Zhuang Rui ne sortit pas le morceau de jade, de sorte que les spectateurs ne purent voir ce qu'il contenait.

« C'est du jade, c'est vraiment du jade… »

« Ça devrait être du jade, mais il est difficile de dire quand ça a été fabriqué… »

« Oui, les objets en jade nouvellement sculptés n'ont aucune valeur... »

« C’est vrai, si on pouvait trouver une bonne affaire simplement en touchant quelques articles au hasard, ce serait incroyable, non ? »

Zhuang Rui tenait un morceau de jade dans chaque main, le pouce et l'index, et le sortit du bassin. Tous les regards se tournèrent vers ses mains, où se déployaient les deux pièces de jade d'un blanc pur, légèrement bleuté.

Chacun pouvait clairement voir qu'il s'agissait de deux morceaux de jade incurvés, mesurant chacun environ cinq ou six centimètres de long et deux centimètres de large. De loin, ils paraissaient assez épais, mais leur nature exacte ne pourrait être connue qu'une fois manipulés.

« Professeur Zhuang, pourriez-vous jeter un coup d'œil à ceci pour moi...? »

Le vieux Qi, dans la foule, fut un instant stupéfait. Il ne s'attendait pas à ce que les deux objets que Zhuang Rui avait choisis avec désinvolture soient en réalité du jade. Cependant, à cet instant, le vieux Qi pensa encore que même s'il s'agissait de jade, il était probablement fait de fragments.

« Pas de problème, veuillez jeter un coup d'œil… »

Zhuang Rui jeta un coup d'œil à Lao Qi, mais au lieu de lui remettre le jade qu'il tenait, il le déposa délicatement sur la vitrine devant lui. Ce geste toucha le cœur de certains experts présents.

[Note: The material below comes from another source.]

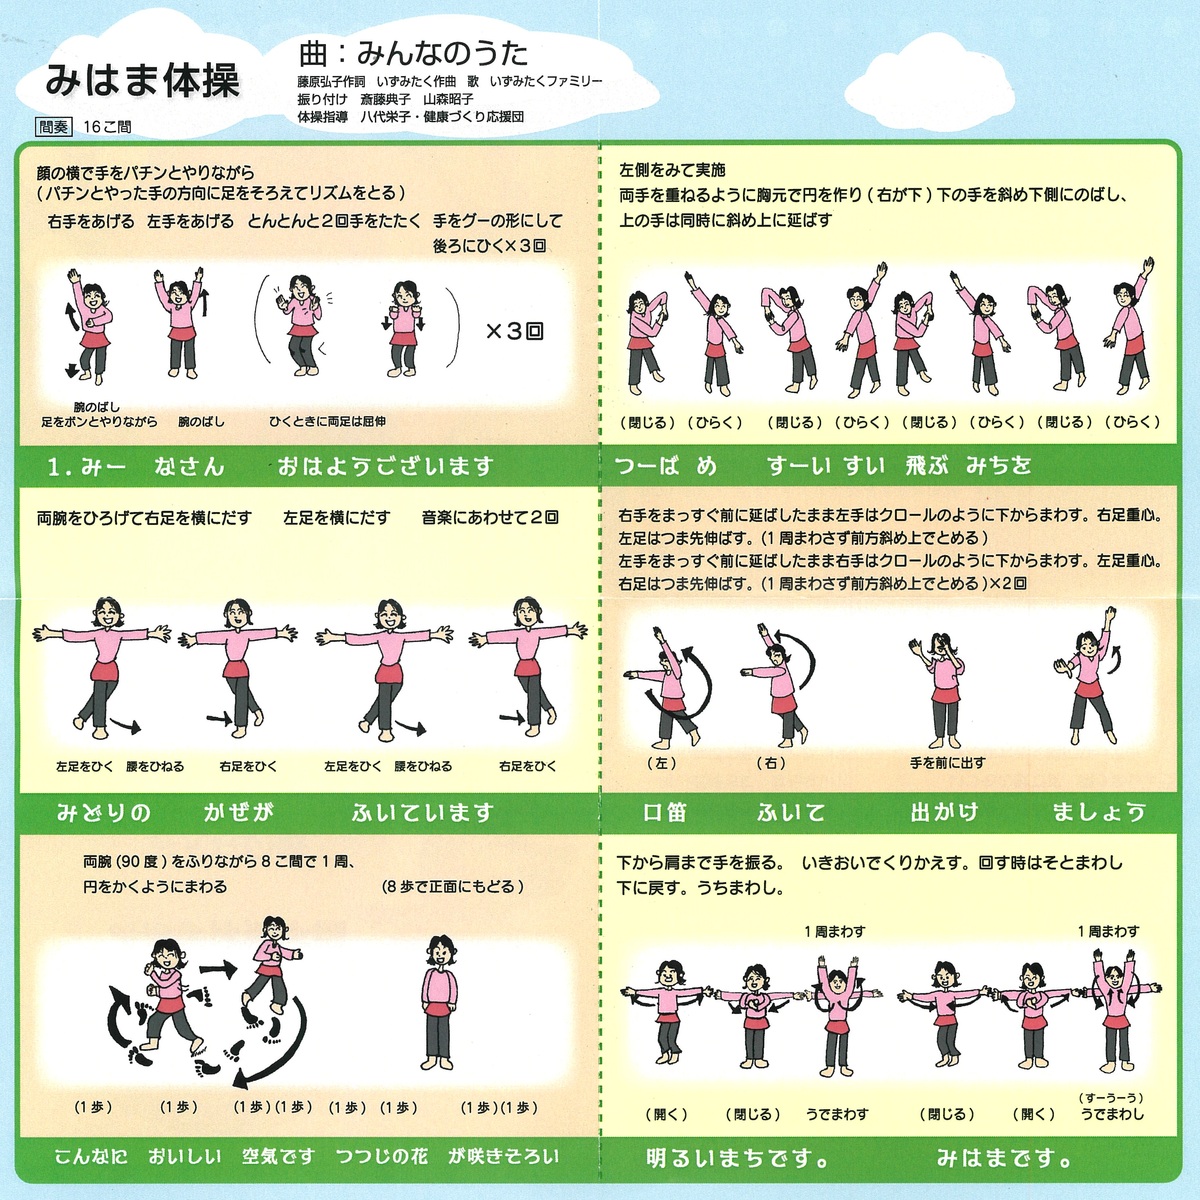 「けんこっちゃま」と「みはま体操」で健康づくりを応援中 愛知県美浜町

Il existe certaines règles concernant la manipulation des antiquités. Pour des objets comme le jade et la porcelaine, si le propriétaire les considère précieux, il les dépose généralement sur une table afin que d'autres puissent les examiner et les prendre eux-mêmes, plutôt que de les remettre en main propre. En effet, en cas de problème, il est difficile de déterminer les responsabilités. Le fait que Zhuang Rui ait déposé les pièces de jade sur la table, comme expliqué dans la mise à jour du forum Golden Eyes, suggère qu'il les considère comme très précieuses. S'il s'agissait de simples babioles achetées sur un étal de rue, il n'aurait jamais fait preuve d'autant de précautions.

« Ceci… ceci ? »

Voyant le sérieux de Zhuang Rui, Lao Qi prit lui aussi un air grave. Il prit délicatement un morceau de jade sur le comptoir et l'examina attentivement. Une pointe de surprise se dessina clairement sur son visage.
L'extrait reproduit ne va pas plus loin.